09-25-2010 07:00 PM
dear all,
i am using a CoolSnap HQ camera with a sony ICX285 interline CCD.
I would like to read out the first pixel line just above the serial register (so the ROI is: [0, 1391, 0, 1]) at a high frame rate (1ms expo, 2ms wait before next frame).
We have an old software (without sourcecode), that is able to perform this, as we can see from the logs taken from the camera expo and readout TTL output signals.
The problem is that we can't find a configuration for the camera to do the same at the same frame rate in our own code.
We wrote a code (C + PVCAM 2.6) that instructs the camera to wait for a TTL Trigger (bulb signal) and read out the line we need (and of course sets up other camera parameters that we beleive to be appropriate). The camera receives the high TTL signal, start the 1ms exposure, finishes OK after 1 ms (our TTL trigger now goes to low), after a few microseconds, read out begins (the line we need is just above the serial register, so its fast), readout also finishes after a few microsecs, and then, (after ~1ms) when receiving the new trigger signal from the NIdaq card, it simply refuses to start the new exposure and the new readout. It waits 14-15 ms after every succesfull readout before reacting to the next trigger signal.
So, we the old software, it looks like this: EXPO(1ms)->~100microsecs->READOUT(~100 microsecs)->~1ms->EXPO........
With ours, its: EXPO(1ms)->~100microsecs->READOUT(~100 microsecs)->ignoring TTL for about 14ms->EXPO......
So basically our frame rate is tha same as if we were reading out the topmost pixel line, the furthest from the serial register.
The reason for this seems to be, that we are unable to tell the camera to stop pulling lines down from the CCD into the serial register after the first line is read out, and enter IDLE state and "listen" for the next bulb.

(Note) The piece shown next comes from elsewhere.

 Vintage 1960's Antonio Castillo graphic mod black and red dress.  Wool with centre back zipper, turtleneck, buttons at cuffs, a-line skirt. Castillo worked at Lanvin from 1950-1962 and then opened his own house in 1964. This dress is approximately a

What are we missing ? Thank you in advance
10-11-2010 10:41 AM
Hallo,
I have almost the same problem. I'm using OMA V detector from Roper Scientific and wrote a code (C++ with PVCam 2.7.6 library) to detect and save spectra from the detector. You can use to modi to come along with your problem:
Number one:
Receiving TTL-signals I use the PCIe-Card 6321 from National Instruments to detect the negative edge to start the exposure (so called TIMED_MODE in PVCam). Then wait for next TTL-Signal an so on. This works basically fine, because you can set pulse length and pause times long enough to detect every single TTL-signal.
Number two:
The OMA V detector is recieving TTL-signals directly and starts the exposure (so called STROBED_MODE in PVCam). Here comes a problem. The controller of the OMA V detector or another controller is too slow to detect every TTL-signal. So you miss some measurements or another worse case: your software is waiting for e.g. 100 TTL-signals, but your camera only got 90 and your software is captured and while-loop or for-loop.

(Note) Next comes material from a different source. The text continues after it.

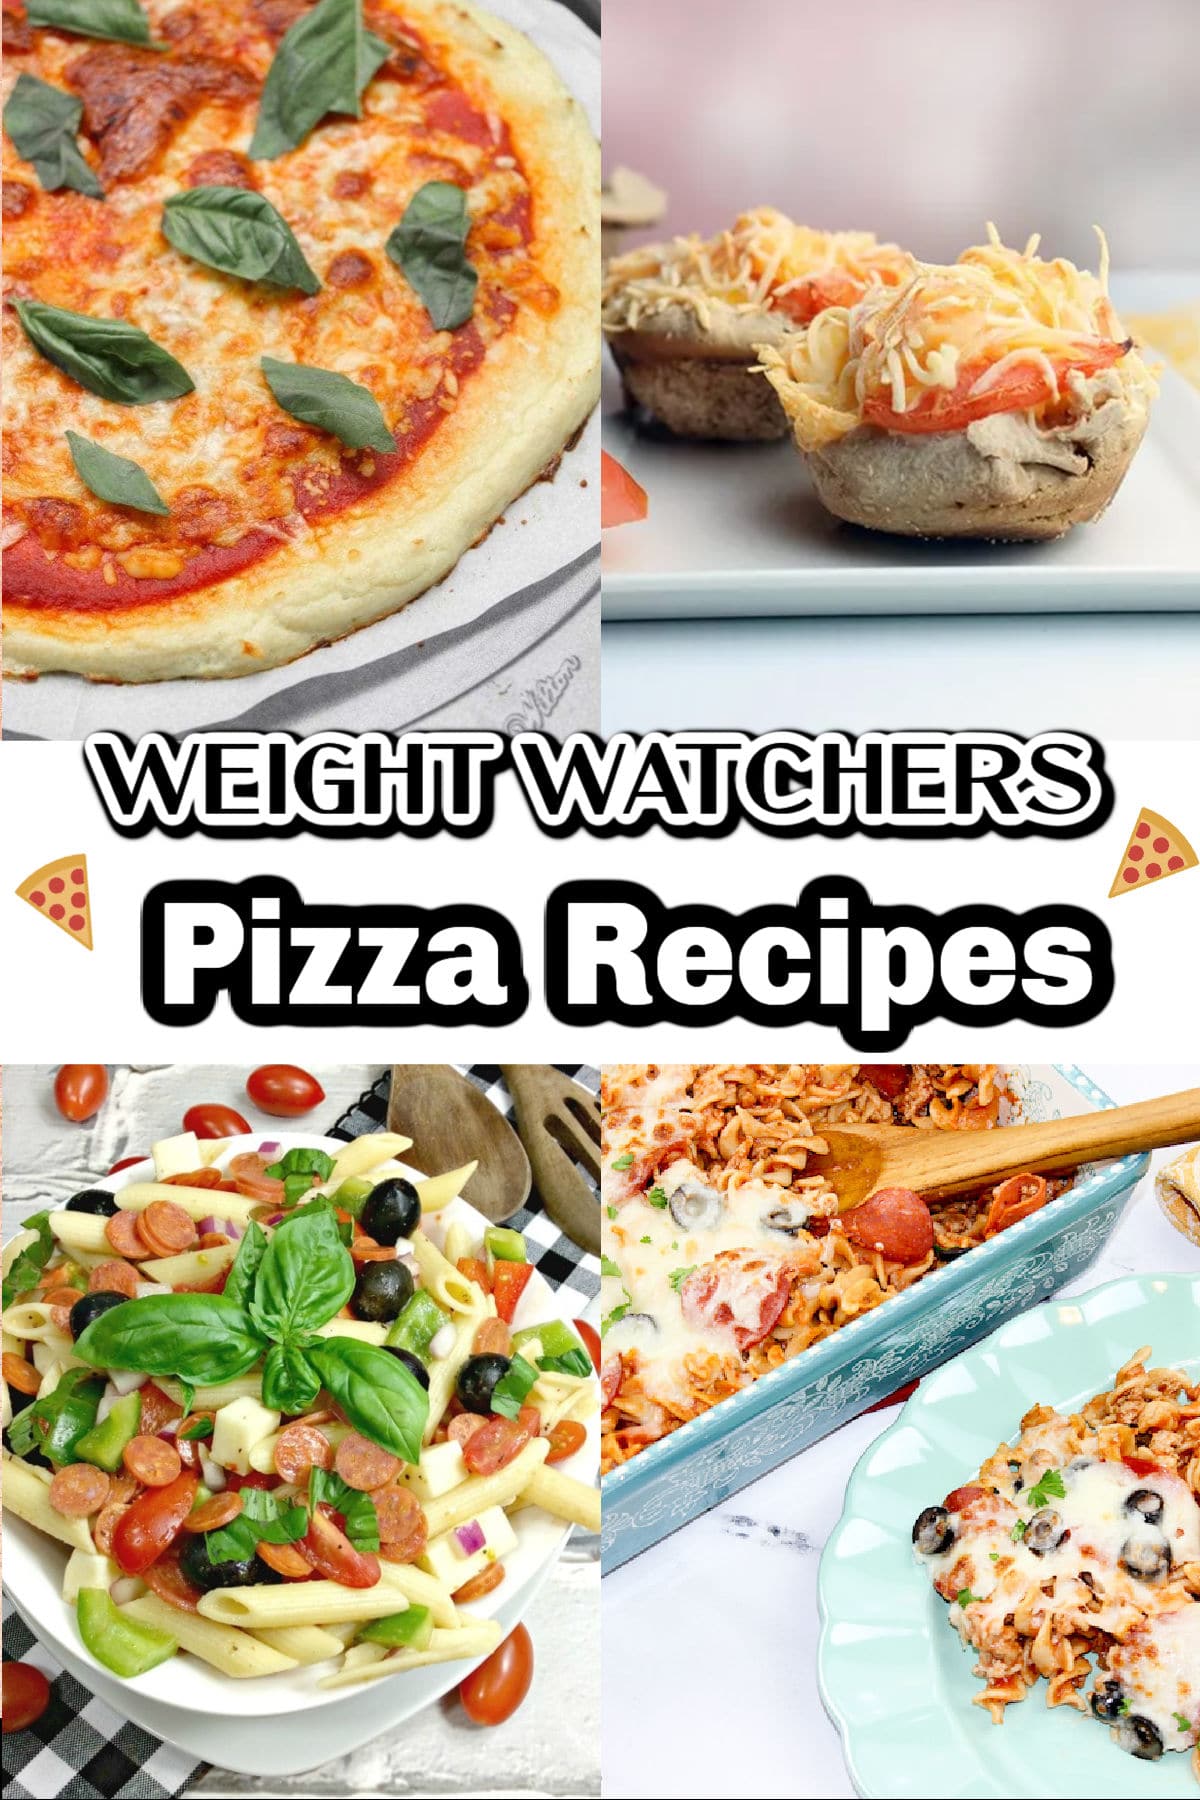 Weight Watchers Pizza Recipes - Food Fun & Faraway Places

I've tried both. The last one doesn't work well in my case, because my detector seems to be too slow and loses up to several 100 measurement in a mapping of about 50000 measurements. The first one using the PCIe-Card 6321 from NI is in my case also a problem. It has negative effects on the exposure time of my detector --> they vary (like zigzag-patterns) and can drop under the presetted exposure time - quite strange. I really don't know why... perhaps problems by using two drivers/libraries (one from NI --> NI-DAQmx and RoperScientific --> PVCam) .
So, can you tell me which card do you use to detect your TTL-signals?